ChatterBank2 mins ago
POLISH
Did you first think:to make shiny and smooth or someone / something from Poland
and why do we have so many words with multiple meanings? Punch is another - it is to hit with a closed fist but it is also a drink. Are we out of words and are now required to reuse old ones?
Answers
No best answer has yet been selected by ezapf. Once a best answer has been selected, it will be shown here.
For more on marking an answer as the "Best Answer", please visit our FAQ.I first thought of "from Poland" but I think it was only because the question is using a capital P.
English has so many words with multiple meanings because it is a rich and varied language which derives from many multiple sources, so it is easy enough forthe same word to come from two different parent languages and mutate into the same form.
As an illustration of what B has said above, here's the background to 'punch'. As a blow with the fist, it dates back to the 1500s and relates to an even older word 'puncheon', a sort of piercing/driving tool.

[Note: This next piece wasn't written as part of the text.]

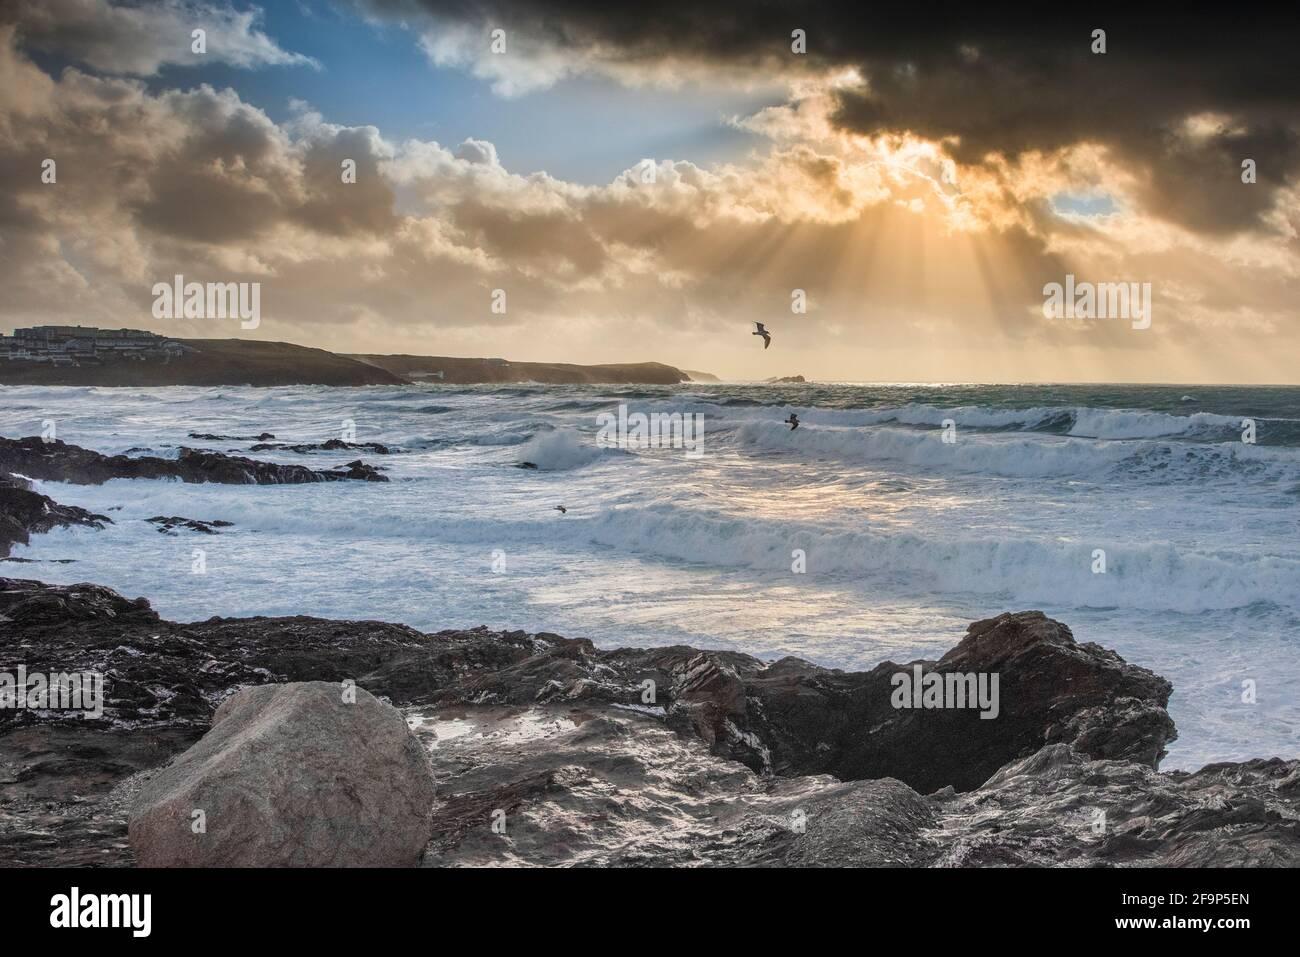 La lumière sur la fin de soirée dans la baie de Fistral Newquay en Cornouailles. Banque D'Images

A punch with the fist is clearly also a driving force of the same kind.
As a drink, it probably comes from the Hindi word 'panch', meaning 'five' and dates back to the 1600s. The name came about because about five different drinks are mixed together to form the single drink 'punch'.
So, two very different sources have produced identical words as they've modified over the centuries.
Far from being something 'lacking' in the riches of language, I find this one of its greatest and endlessly-fascinating glories.
two different roots coming to be the same word I think is called convergence. If there is confusion then one word drops out of use (not surprisingly)
and and and ezapf, if you are a very boring lecture or sermon or something, think of words with two meanings, one of which is opposite to the other!
These can be called auto-antonyms. fast, dyke (erm NOT the girl on the bike) sanction all spring to mind.